Powered by Evolved Analytics' DataModeler

Illustration: Creative hypothesis generation

Conventional methods impose artificial constraints on the models — e.g., polynomials — despite the fact that these constraints do not have a physical basis and are only imposed to make the mathematics tractable for that method or due to a lack of imagination. SymbolicRegression, in contrast, lets the data define the model form free of artificial limits. Part of this is the ability to hypothesize and explore diverse potential model structures.

Generate trivial data

Let us generate the trivial data set below. Our first inclination would be to assume a straight-line linear model. HOWEVER, the reality is that we only know truth (assuming there is not contribution from noise or other perturbations) at two points.

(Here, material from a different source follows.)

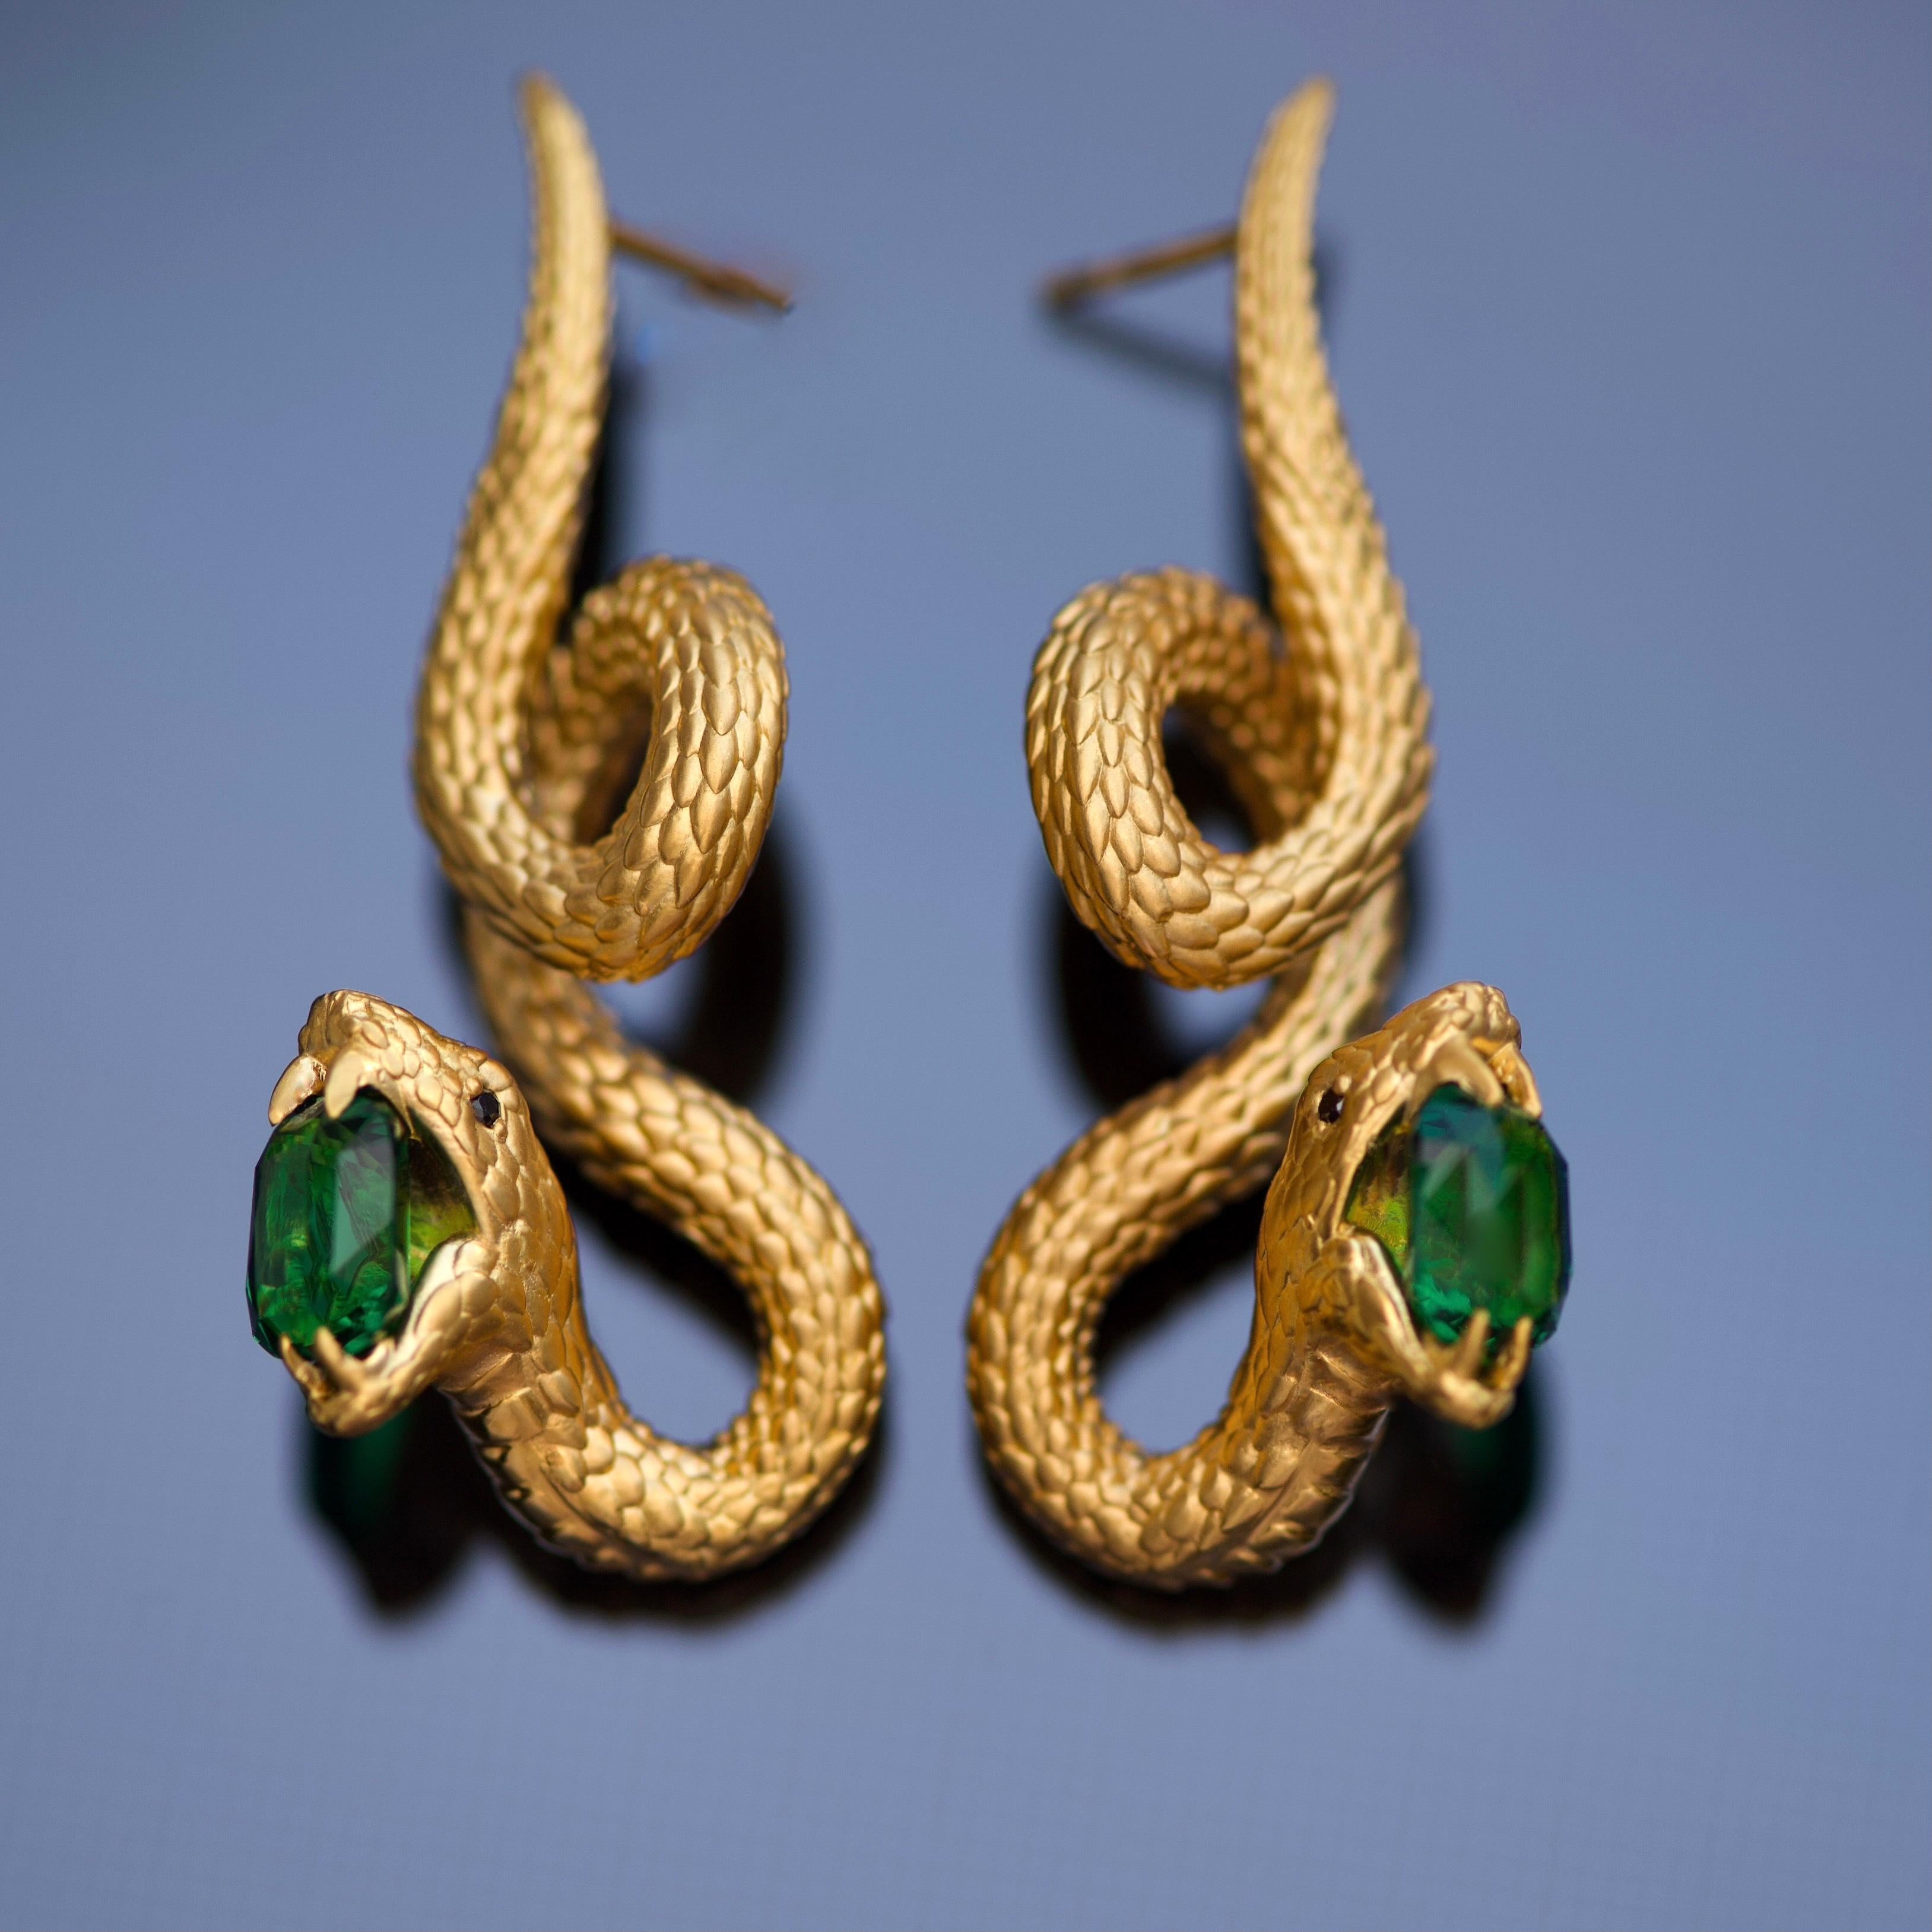 GOLDEN SERPENT COLLECTION by D&A 
The most iconic creation features the power of the Golden Serpent – symbolizing transformation rebirth, creativity, fertility, and hope for a better tomorrow. This signature design interprets the serpent’s skin

Between the observed data points we cannot be confident in any conclusions — even though we do have a bias for simplicity and an aversion to unwarranted complexity.

Search for possible models

Now let us devote three seconds to identifying models which fit this data. Although we might intuitively prefer the simple linear model, all of the other discovered models also fit the data exactly! (Mousing over the ResponseSurfacePlot curves will display the underlying model whereas mousing over the functions in the ModelSelectionReport will display the variables embedded within the expression.)

We can exploit the creativity of SymbolicRegression in a number of ways in addition to searching for possible model structures. Ensembles of diverse but quality models imply that we can develop a trust metric on our predictions. We can also use the model disagreement to guide data collection for Adaptive DOE. We will discuss these topics more later.

The key take-away here is that while a linear model might be appropriate — and, if it is appropriate, it will be recognized and reported as such — the data determines the model form.